Read the prologue to my Thursday, "Tird's Day" posts here.
Tird's Day: The Lie
After arriving home from our trip to the pet shop, the wheels in my roommate’s head started to spin. I think I could even see the smoke from the burning gears. While I can’t recall the exact conversation, now some 15 years ago, I remember my roommate’s repeated pleas of something along the line of, “Let me get you that cat, I feel bad that you left behind your ferret”. I’m sure I jumped on a soapbox about how some lame cat could never replace my Rugrat, but sooner rather than later, somewhere between the cat’s charm and my roommate’s guilt, I agreed that I actually liked and wanted the cat. But how?

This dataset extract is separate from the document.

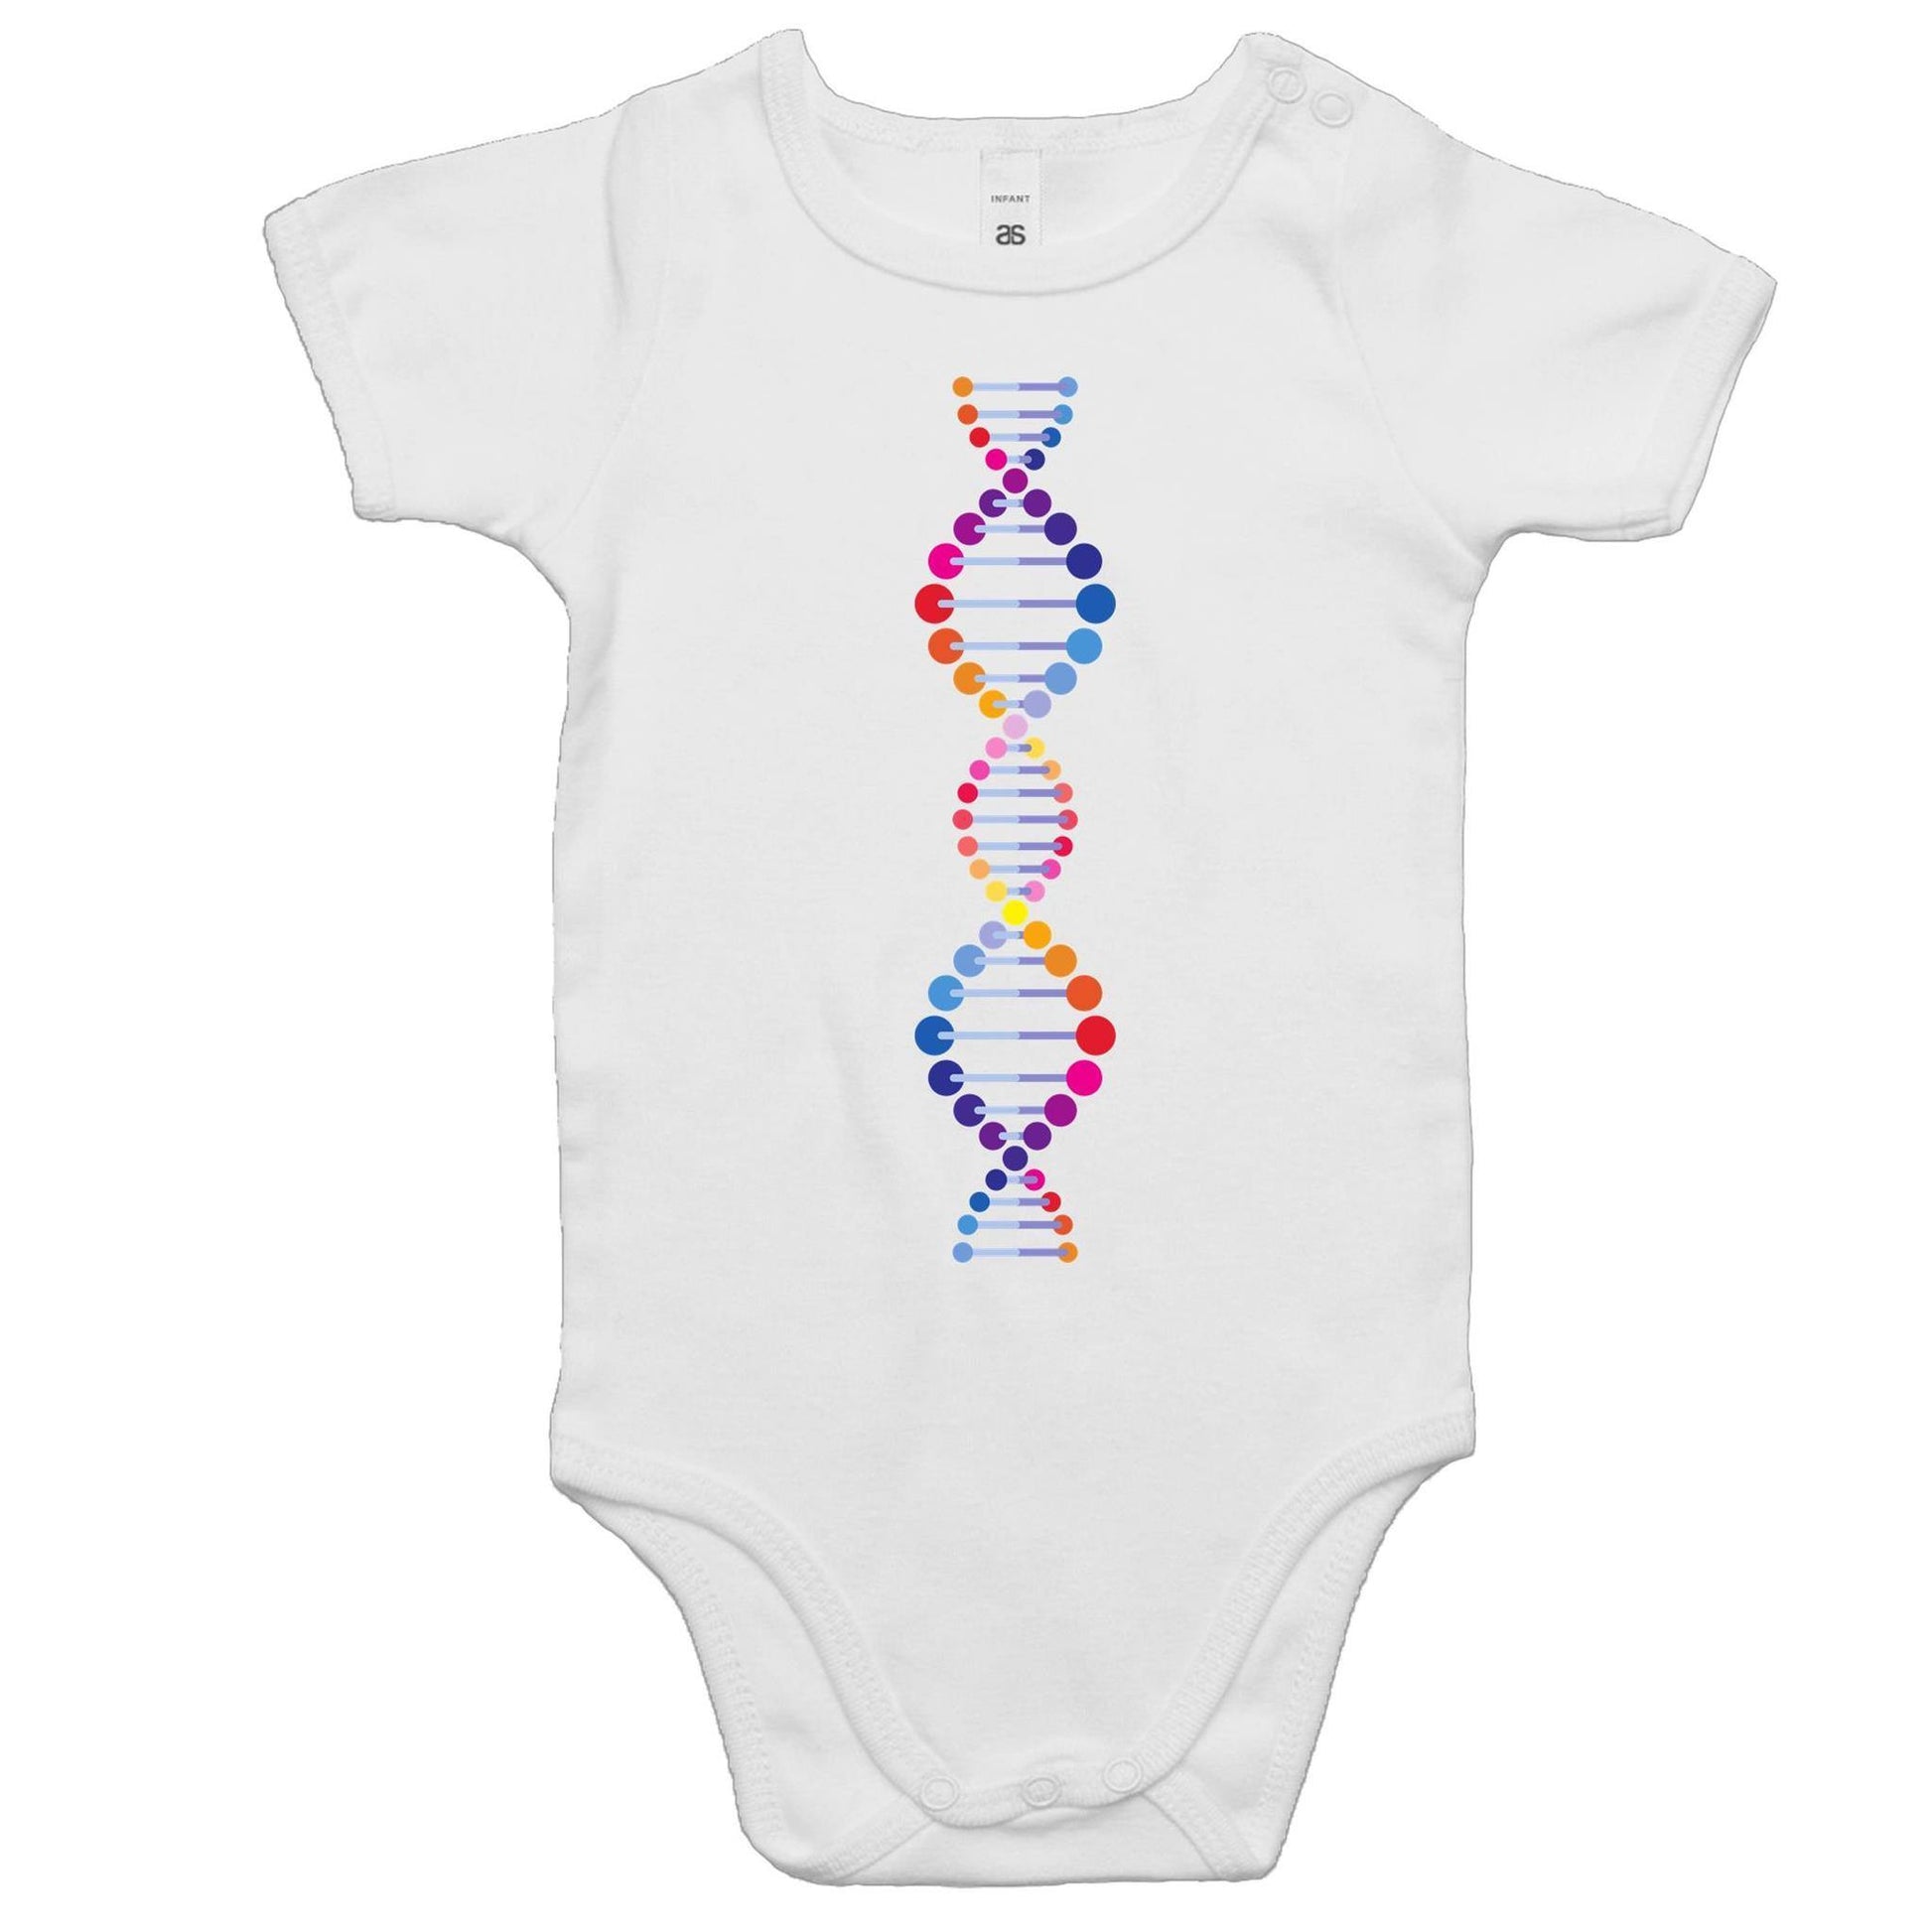 DNA - Baby Bodysuit White Baby Bodysuit kids Science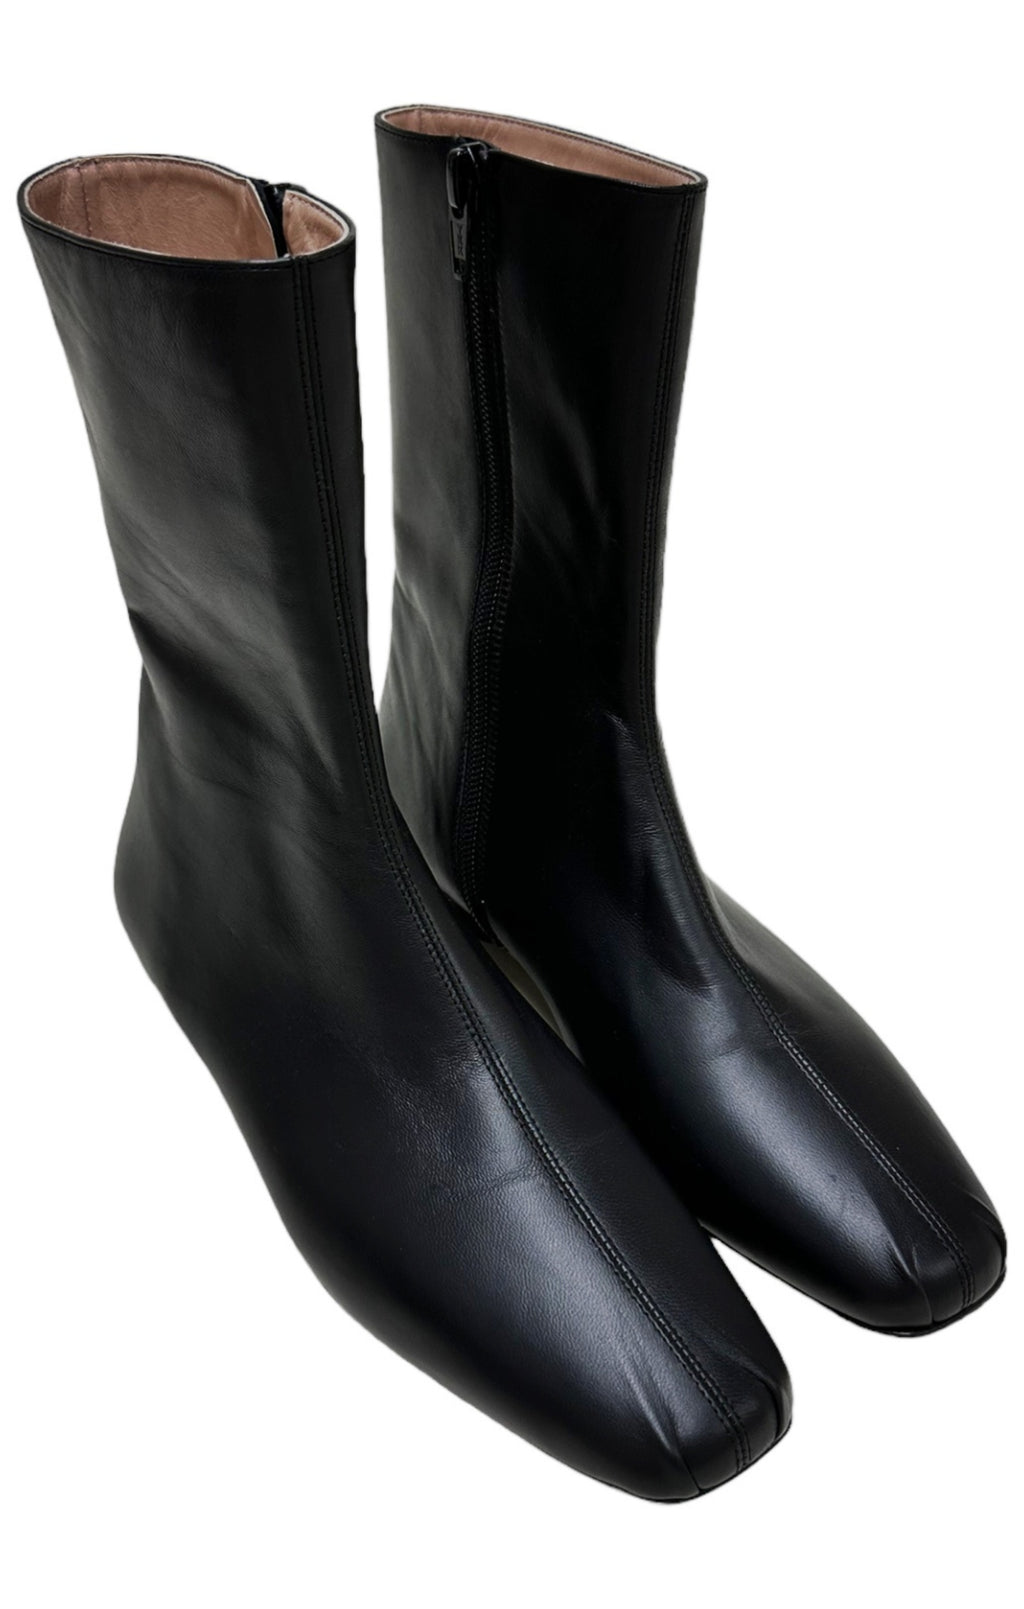 ILIO SMERALDO (RARE & NEW) Boots Size: EUR 35 / Fit like US 5

The apartment complex had a weird renting policy which stated that any cat you initially moved in with could stay with you, but if you wanted to add a cat later it was against the rules. Cowboy would be a late, and illegal, addition at this point as he was not included in the details of the initial lease signing. And then the roommate shifted those gears in her brain into "high".
My Aunt had two cats. But what if she magically had three? What if that third cat was just too much for her to handle and she needed to find it a home? I mean, after all, she raised it from a kitten and it was super-well behaved! Mr. Landlord, can't you help us and this poor, soon to be homeless cat out and allow us to take him in?